I remembered that heap can be used to search whether an element is in it or not with O(logN) time complexity. But suddenly I can't get the details. I can only find getmin delete add and so on.

Can anybody give a hint?
Saurabh almost 14 years

Not helpful if you already have a priority queue and want to check whether it contains a given element.
James Sanders over 7 years

Is this entirely true? Take the following Heap as an example: [5, 4, 1, 3 ] If I search this heap (in the form of an array) for the number 3 I will hit 1 and, according to your algorithm, stop here concluding it is not in the heap when it in fact is? Am I missing something here?
Anonym Mus over 7 years

With the optimization, the subtree with root 1 will not be searched further, as it cannot contain 3. 3 is in another subtree.
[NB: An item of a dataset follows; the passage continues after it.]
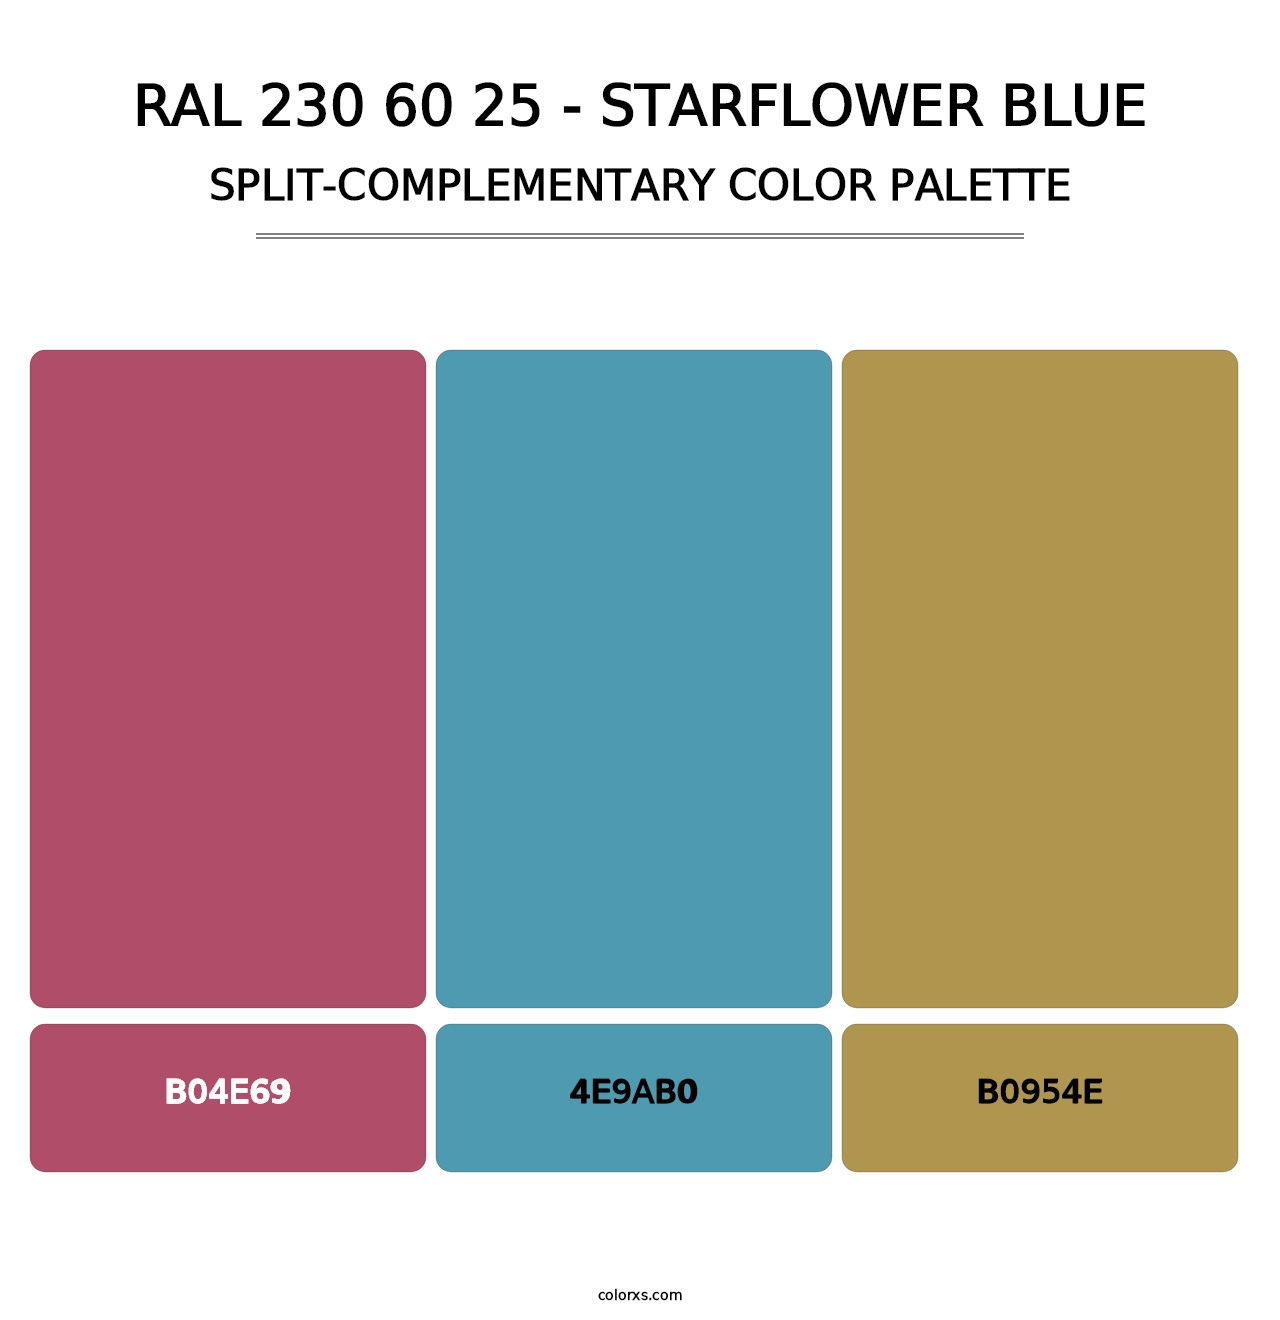 RAL 230 60 25 - Starflower Blue - Split-Complementary Color Palette
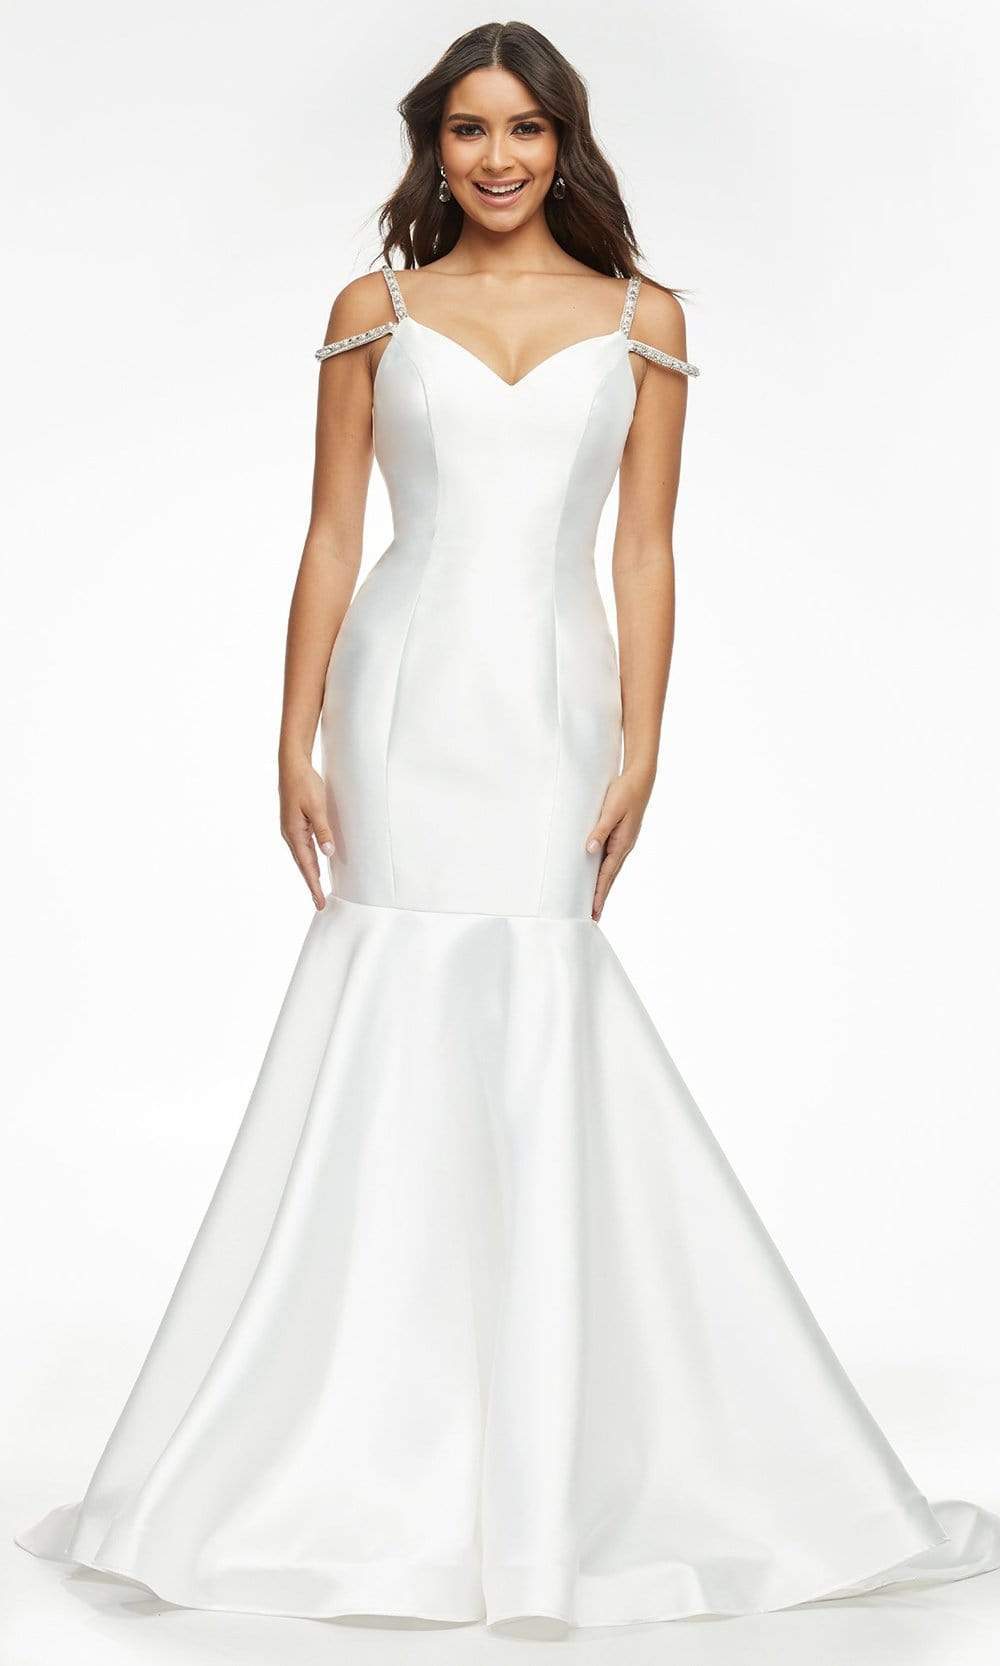 Ashley Lauren - 11103 Cold Shoulder Mermaid Satin Gown Wedding Dresses 0 / Ivory

I agree that a linear search (as opposed to a recursive one) can give a wrong answer.
lee over 7 years

@JamesSanders It is true in all cases, even for a linear search. The complete binary tree will have the value 3 as a left child of 4, and 1 will be at same height as 4. Even if you are doing a linear search, the optimization says that 4 > 3, thus you must, at a minimum, compare the children of 4, in addition to all other elements at the same height as 4.
Xwtek over 4 years

@finnw you can make the item in heap and BST reference each other.
Prof.Chaos over 2 years

Can you please elaborate on this response? Search in a heap should always take O(n), and there is no such thing as a sorted heap. I believe what you mean is a sorted array -- which you might of course also do with heap, i.e., via heap search. So your log(n) response is just very odd as it has, I believe, nothing to do with heaps at all. You essentially just say that searching in a sorted array takes O(log(n)), which is just massively missing the point.
etang over 2 years

@AnonymMus How to derive N/2 average search time?